PROBLEM REQUIREMENTS:
Skip the pictures and give back the rest of the listing exactly.

RECORDS FOR THIS TASK:
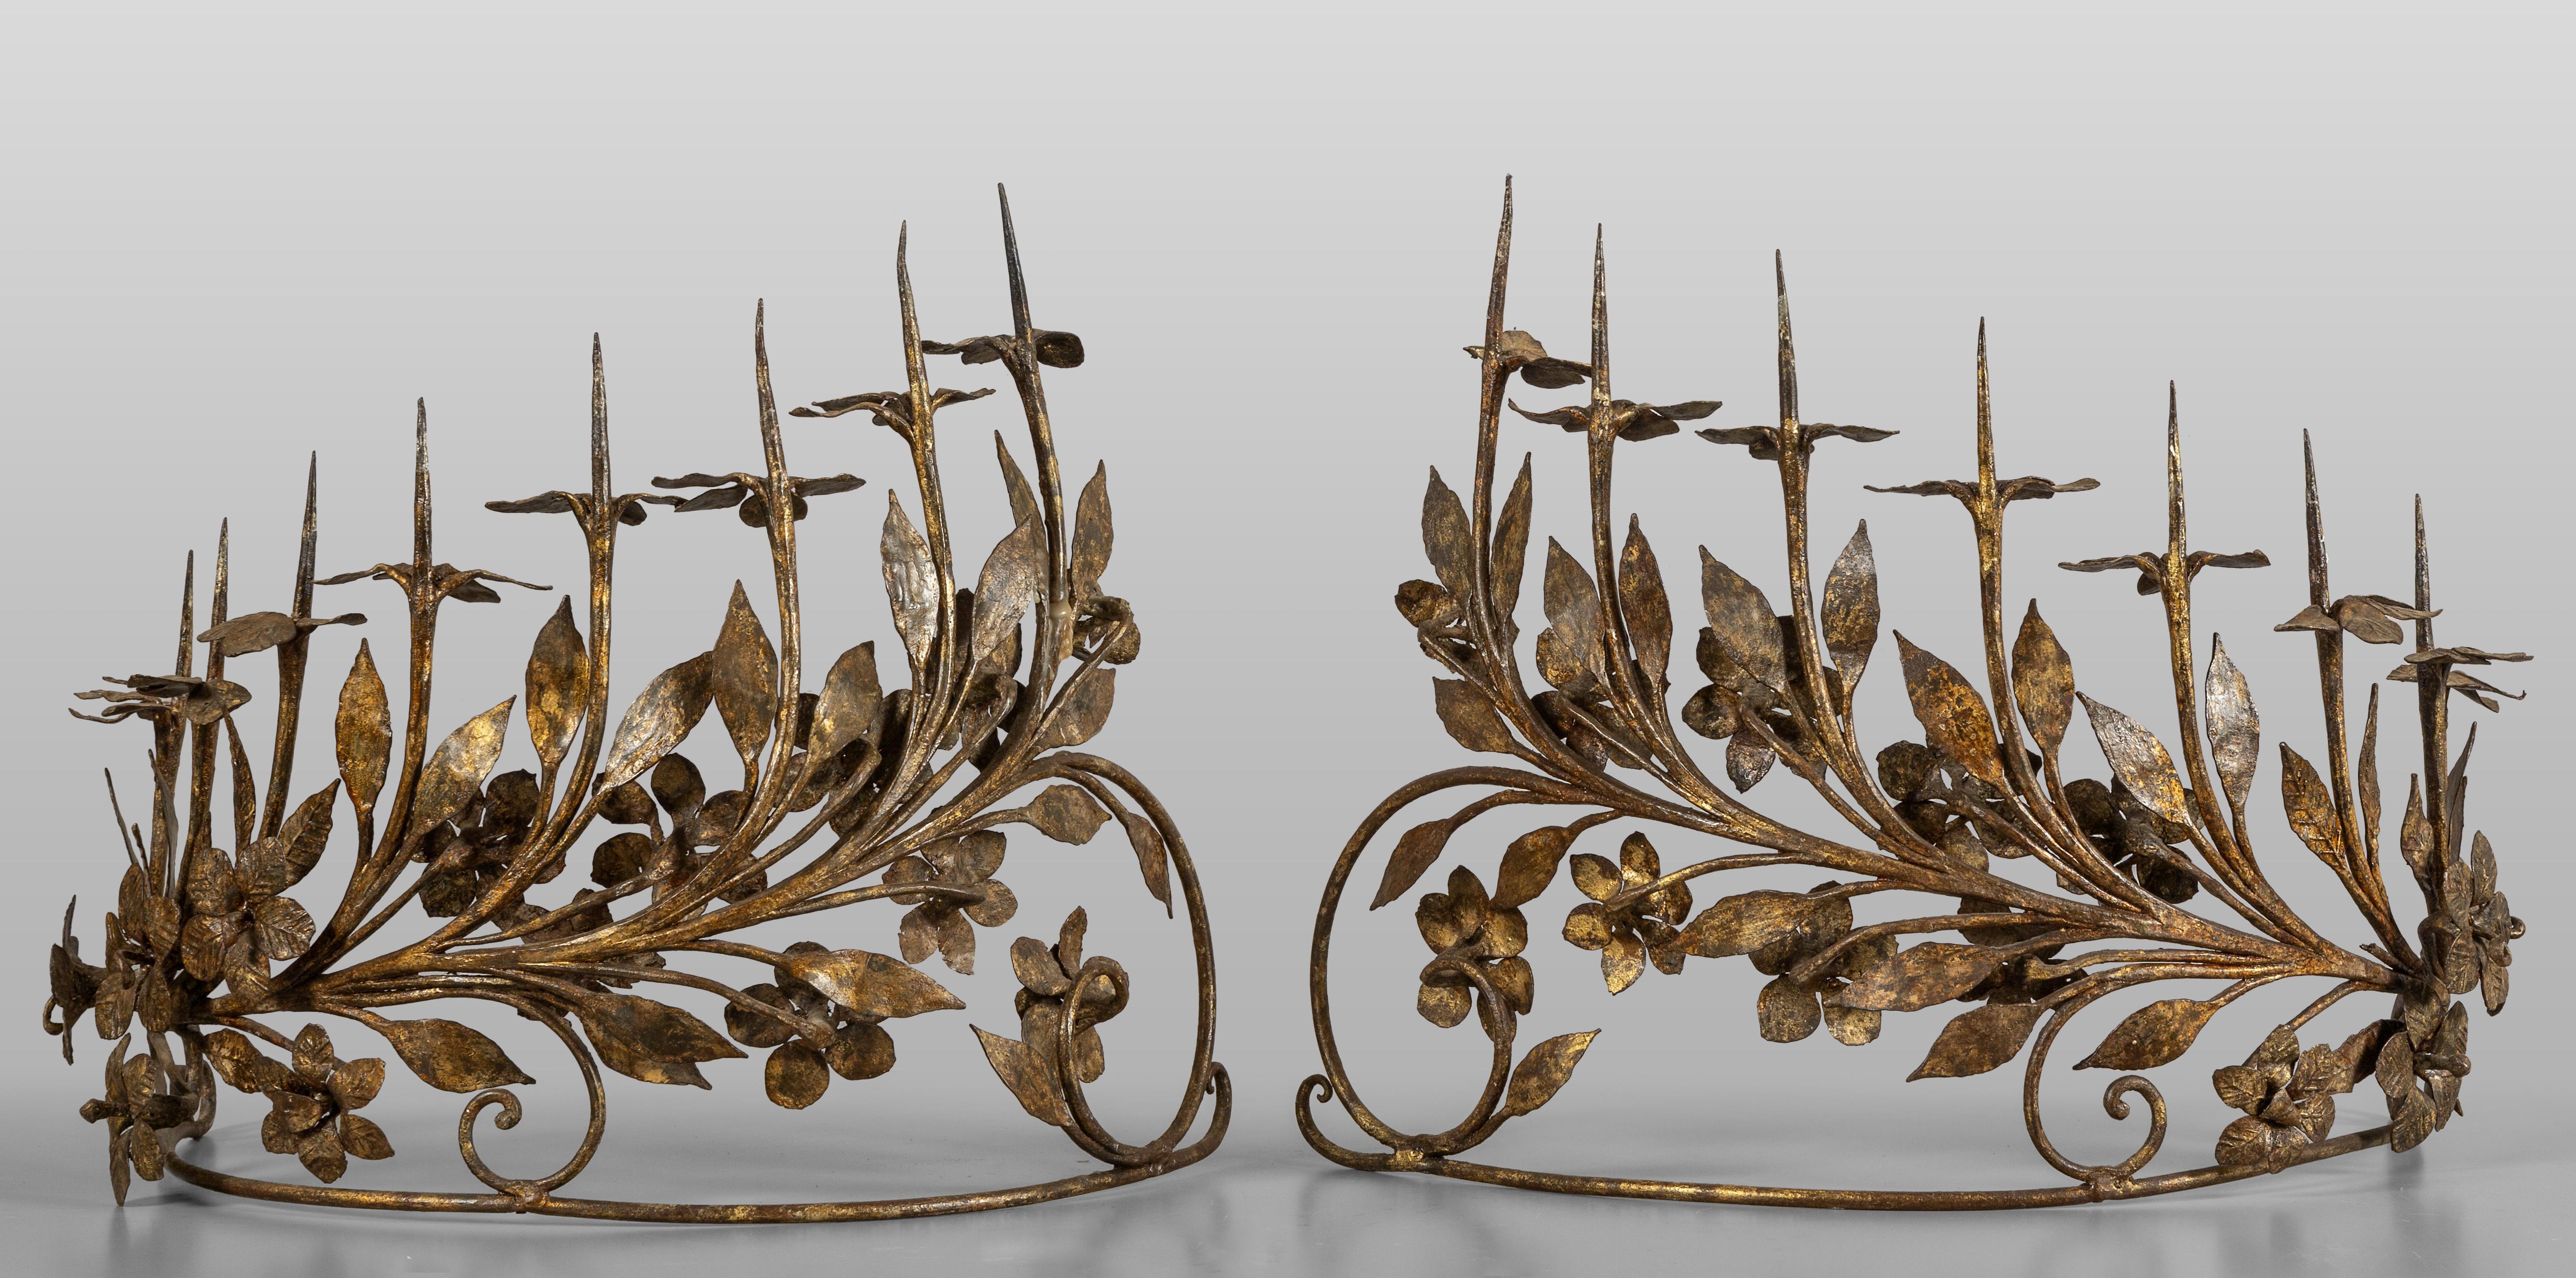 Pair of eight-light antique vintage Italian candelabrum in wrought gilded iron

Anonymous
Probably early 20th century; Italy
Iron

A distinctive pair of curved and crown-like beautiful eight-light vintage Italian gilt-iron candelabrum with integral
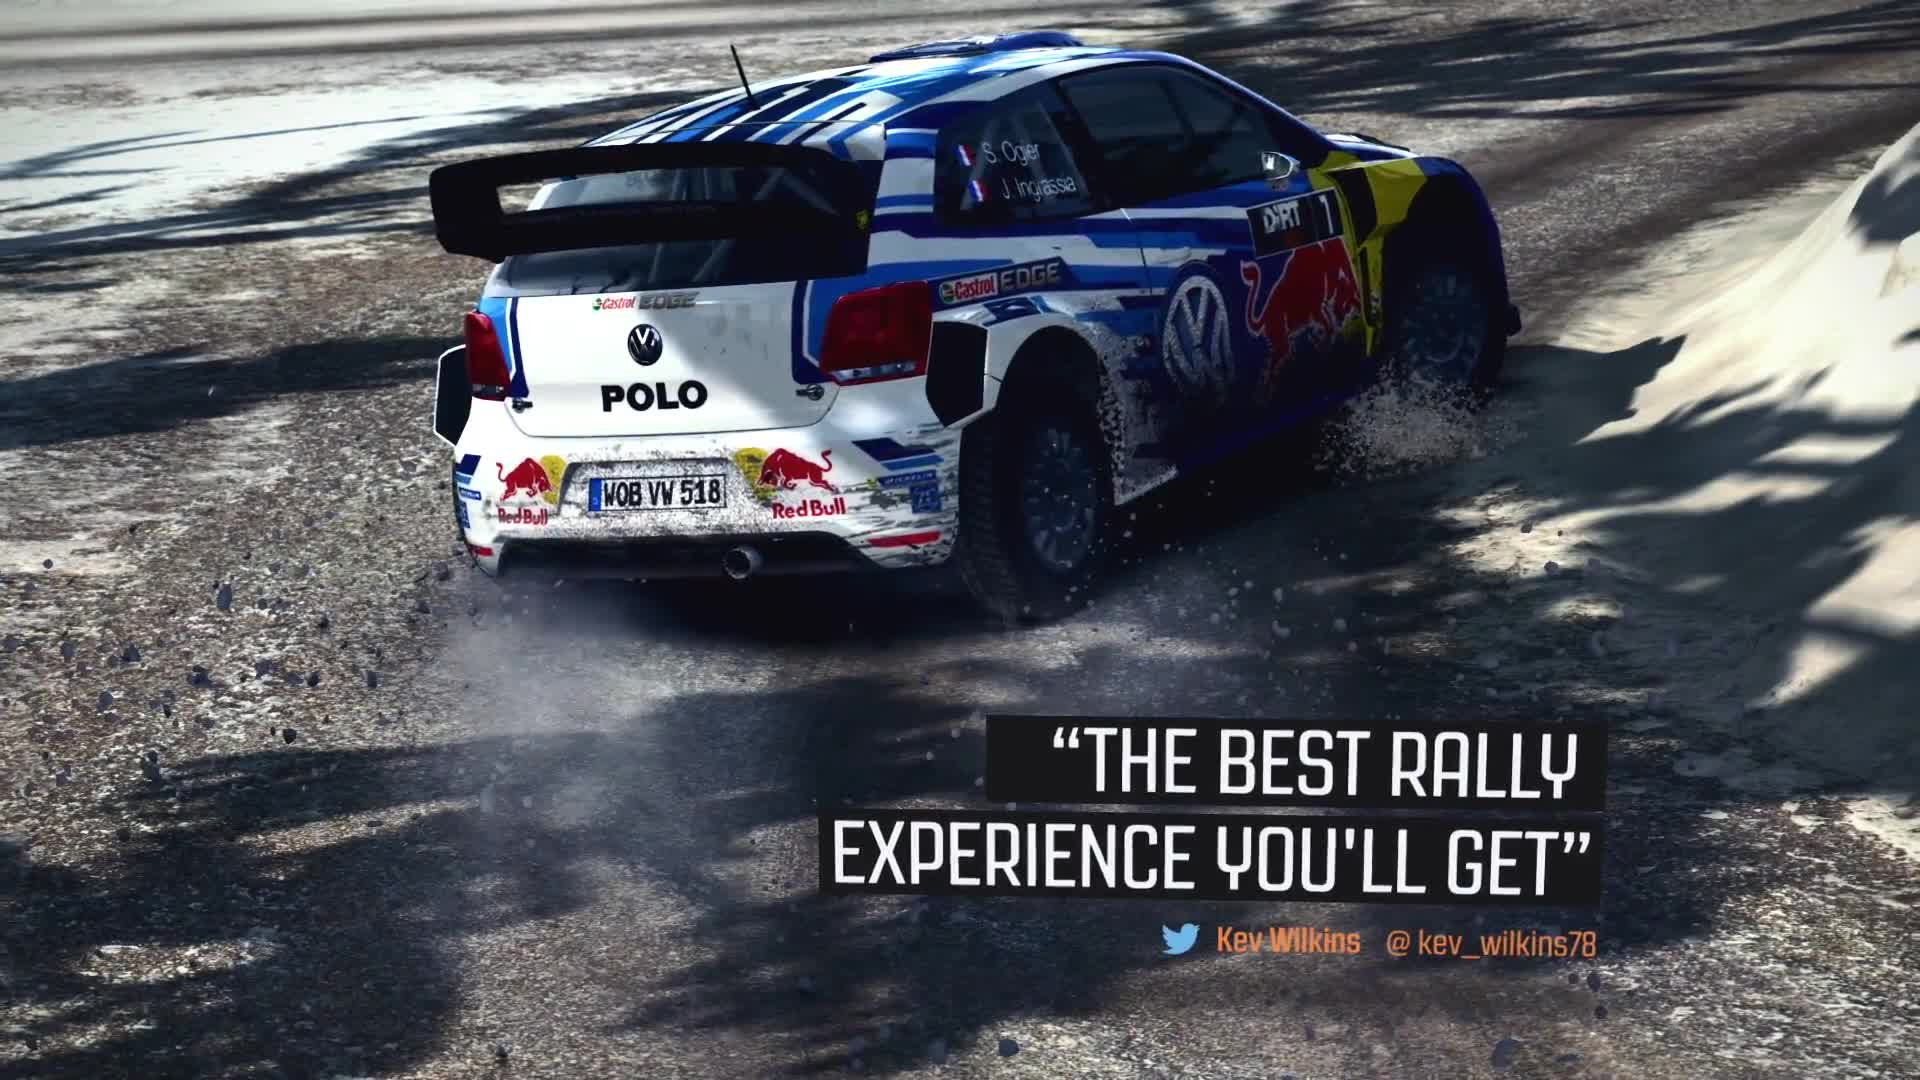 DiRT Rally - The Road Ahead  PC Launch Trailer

TASK OUTPUT:
 Pair of eight-light antique vintage Italian candelabrum in wrought gilded iron

Anonymous
Probably early 20th century; Italy
Iron

A distinctive pair of curved and crown-like beautiful eight-light vintage Italian gilt-iron candelabrum with integral
 DiRT Rally - The Road Ahead  PC Launch Trailer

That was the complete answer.